Employee Retention Tax Credit
- The relief package expands and extends the Employee Retention Tax Credit (ERTC) established under the CARES Act to assist small businesses and nonprofits in retaining their workers and continuing operations through the pandemic.
- Unemployed individuals will receive $300 per week in federal benefits for 11 weeks—from the end of December 2020 through mid-March 2021. This amount represents a 50% decrease from the first federal boost, which ran out by the end of July.
- Two other unemployment programs that were part of the CARES Act and were scheduled to expire this month have been extended:
- Jobless benefits are being expanded under the Pandemic Unemployment Assistance program to gig workers, independent contractors, freelancers, self-employed individuals and specific other people impacted by COVID-19.
- Individuals who exhaust their regular state benefits are eligible for an additional 13 weeks of payment under the Pandemic Emergency Unemployment Compensation program.
- Both programs will close to new applicants March 14, 2021 and phase out in early April for existing claimants.
Schools and Child Care
- K-12 schools and colleges will receive $82 million in relief aid, including assistance to help reopen classrooms safely.
- $10 billion is allocated to support childcare providers impacted by COVID-19.
- $20 billion is being allocated to make vaccines available at no charge. Additionally, nearly $9 billion is being provided for vaccine distribution.
- More than $22 billion is available to states to assist with COVID-19 testing.
Rental Assistance and Evictions
- Eviction protection has been extended until January 31, 2021. It was previously set to expire December 31.
- An additional $25 billion in rental assistance is being provided for individuals who lost their source of income during the pandemic.
Food and Nutrition
- The legislation calls for Supplemental Nutrition Assistance Program (SNAP) benefits to be increased by 15% for six months.

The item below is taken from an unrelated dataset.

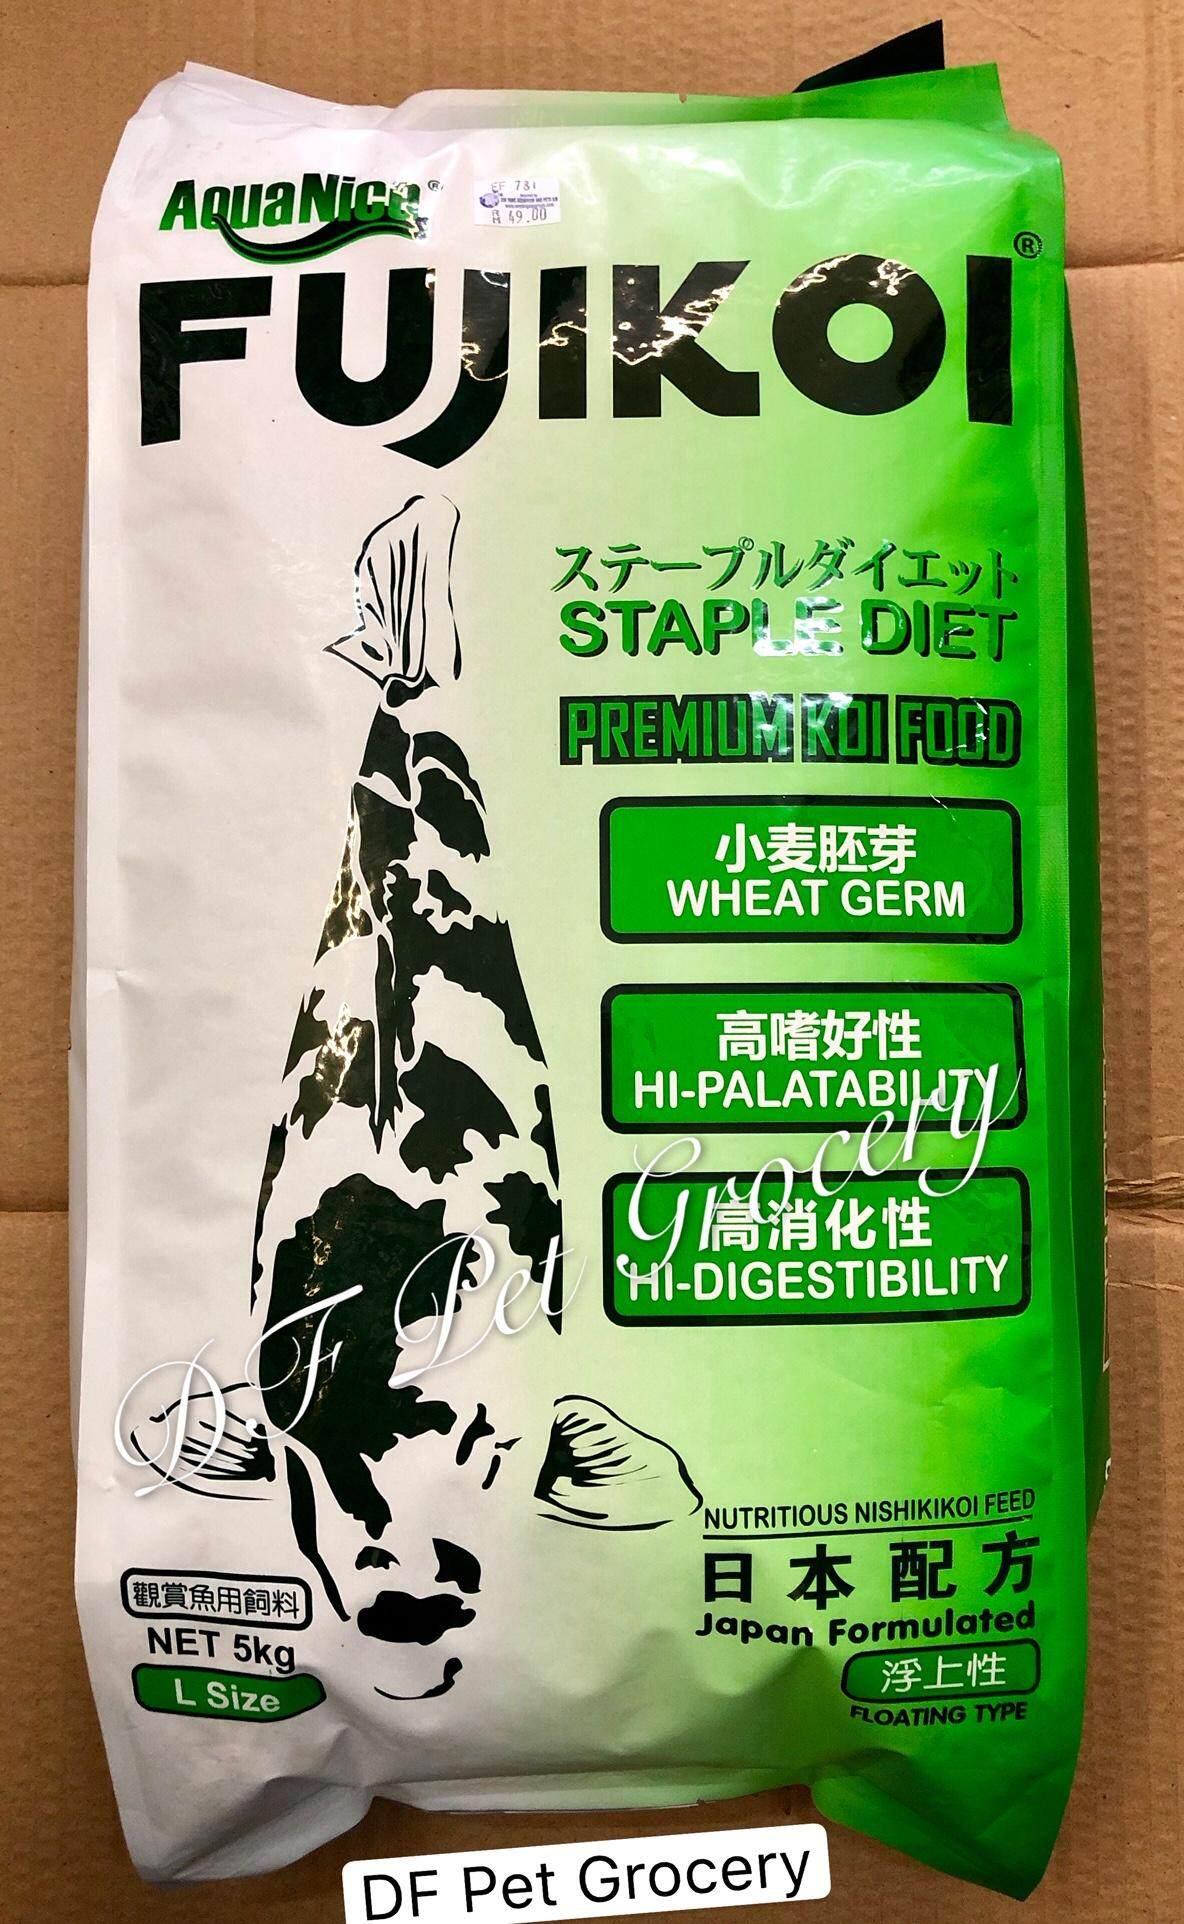 AquaNice Fujikoi Staple Diet Fish Food 5kg L Size (FF781)100% Original

- $400 million will be available to food banks and food pantries through The Emergency Food Assistance Program.
- $175 million will be available for senior nutrition services such as Meal on Wheels.
State and Local Funding
One of the most contentious issues of the stimulus negotiations, the $160 billion in funding to state and local governments, ultimately was not included in the final bill, as legislators opposing the measure argued that states were given $150 billion to use for COVID-19-related expenses in the first relief package. That said, state and local government leaders will have an additional year to spend the funding.